(5aq) Applications of Pattern Discovery in Chemical and Biochemical Engineering

I will present an overview of my doctoral thesis work, which has focused on the application of pattern discovery to chemical and biochemical engineering. Broadly speaking, pattern discovery is the process of uncovering repeated elements in large datasets in an effort to extract useful functional information. With this functional information, we can gain more insight about the underlying biology and chemistry of systems, driving experimental hypotheses and allowing for more rationally developed, better-informed experimental plans. The topics I focus on most in this presentation range from the development of pattern discovery techniques to the use of these techniques on experimental data for development of broad experimental projects.

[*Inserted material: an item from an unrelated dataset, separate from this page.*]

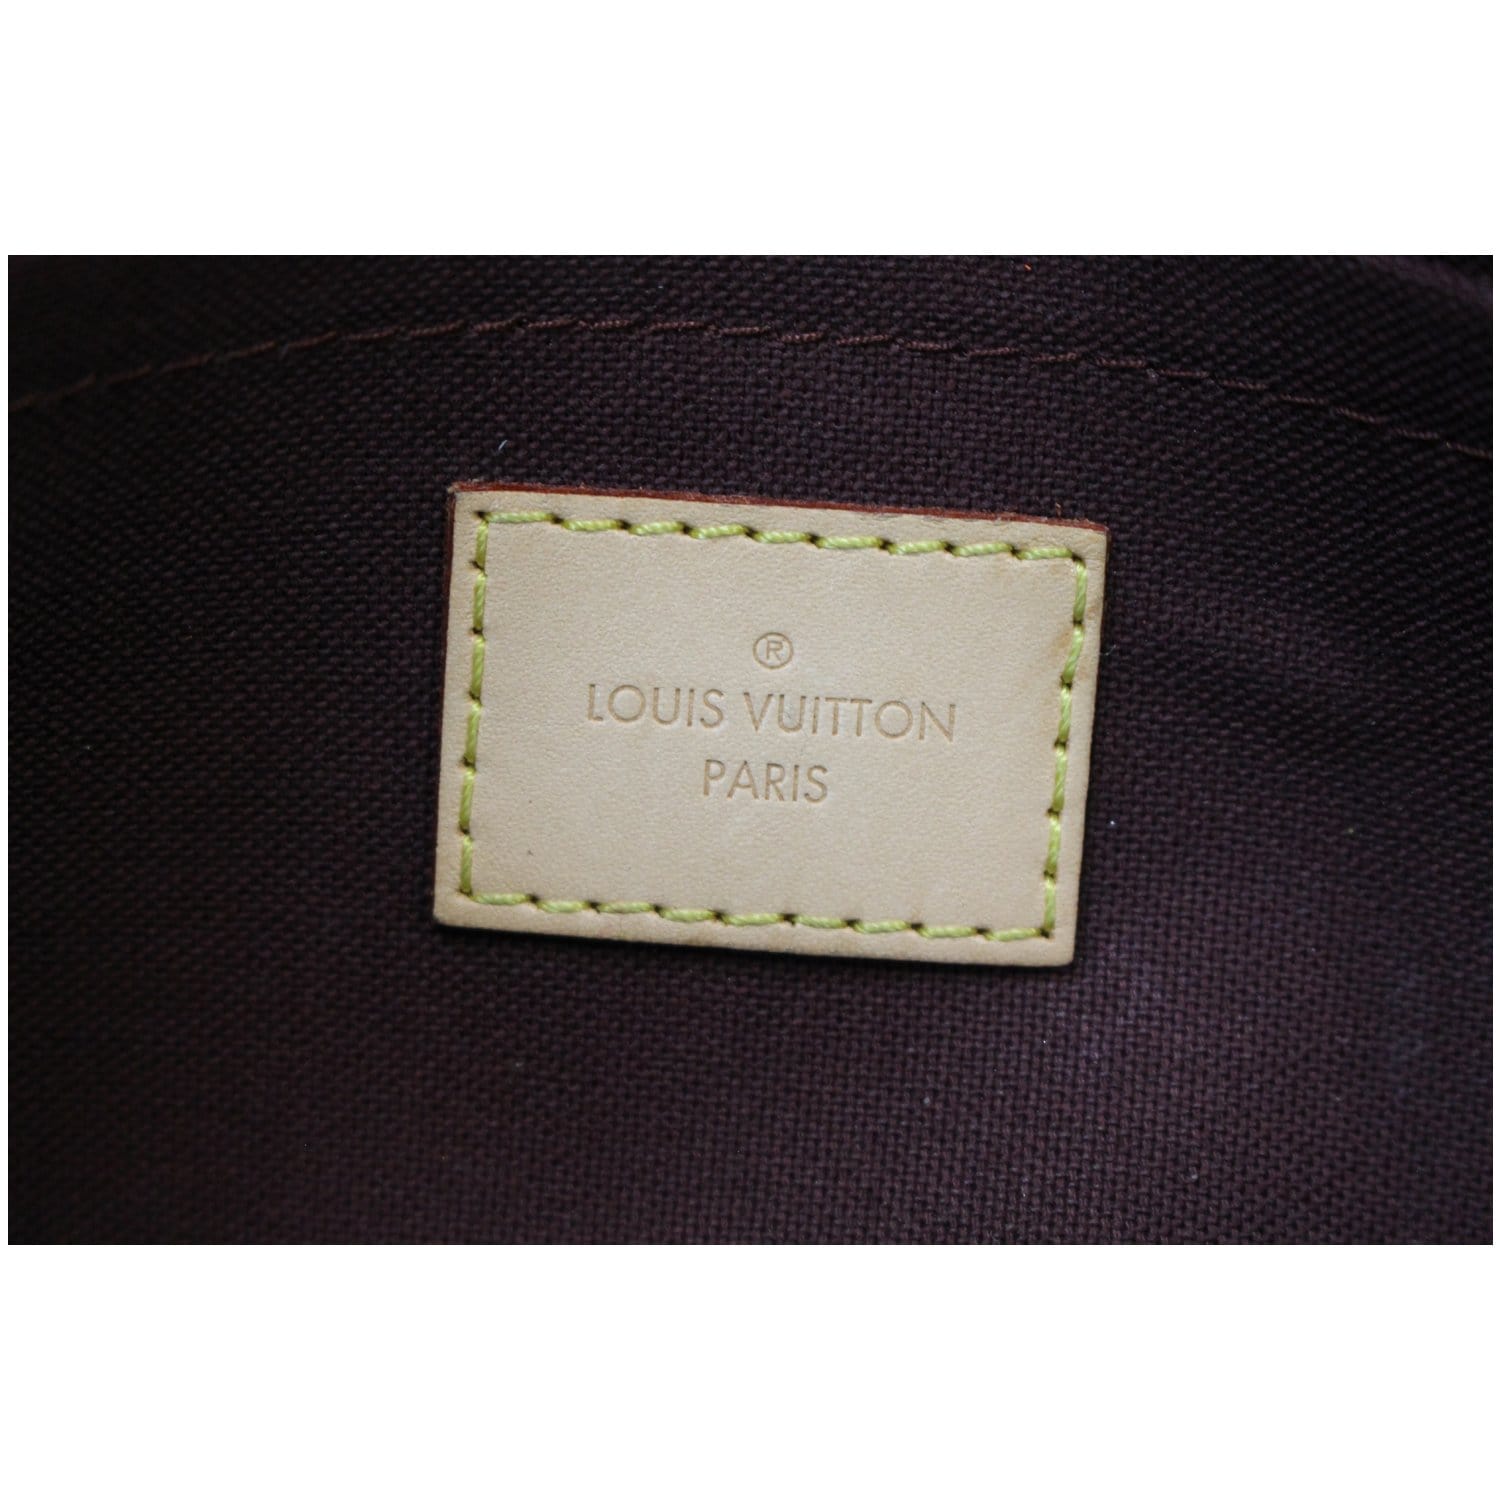 Authentic Louis Vuitton Favorite MM Monogram Crossbody Clutch Handbag &  Dust Bag

The first major focus of the poster is Gemoda, a Generic Motif Discovery Algorithm for sequential data. Gemoda can be applied to any dataset with a sequential character, including both categorical and real--valued data. Gemoda deterministically discovers motifs that are maximal in composition and length. As well, the algorithm allows any choice of similarity metric for finding motifs. Finally, Gemoda's output motifs are representation--agnostic: they can be represented using regular expressions, position weight matrices, or any number of other models for any type of sequential data. Since motif discovery tools with even two or three of these qualities are exceedingly rare, Gemoda is particularly novel in having all four of these characteristics. I will present a number of applications of the algorithm, ranging from the discovery of motifs in amino acid and nucleotide sequences to the discovery of conserved protein sub?structures. I also briefly highlight the potential applications of Gemoda for metabolomic studies and for simple classification tasks.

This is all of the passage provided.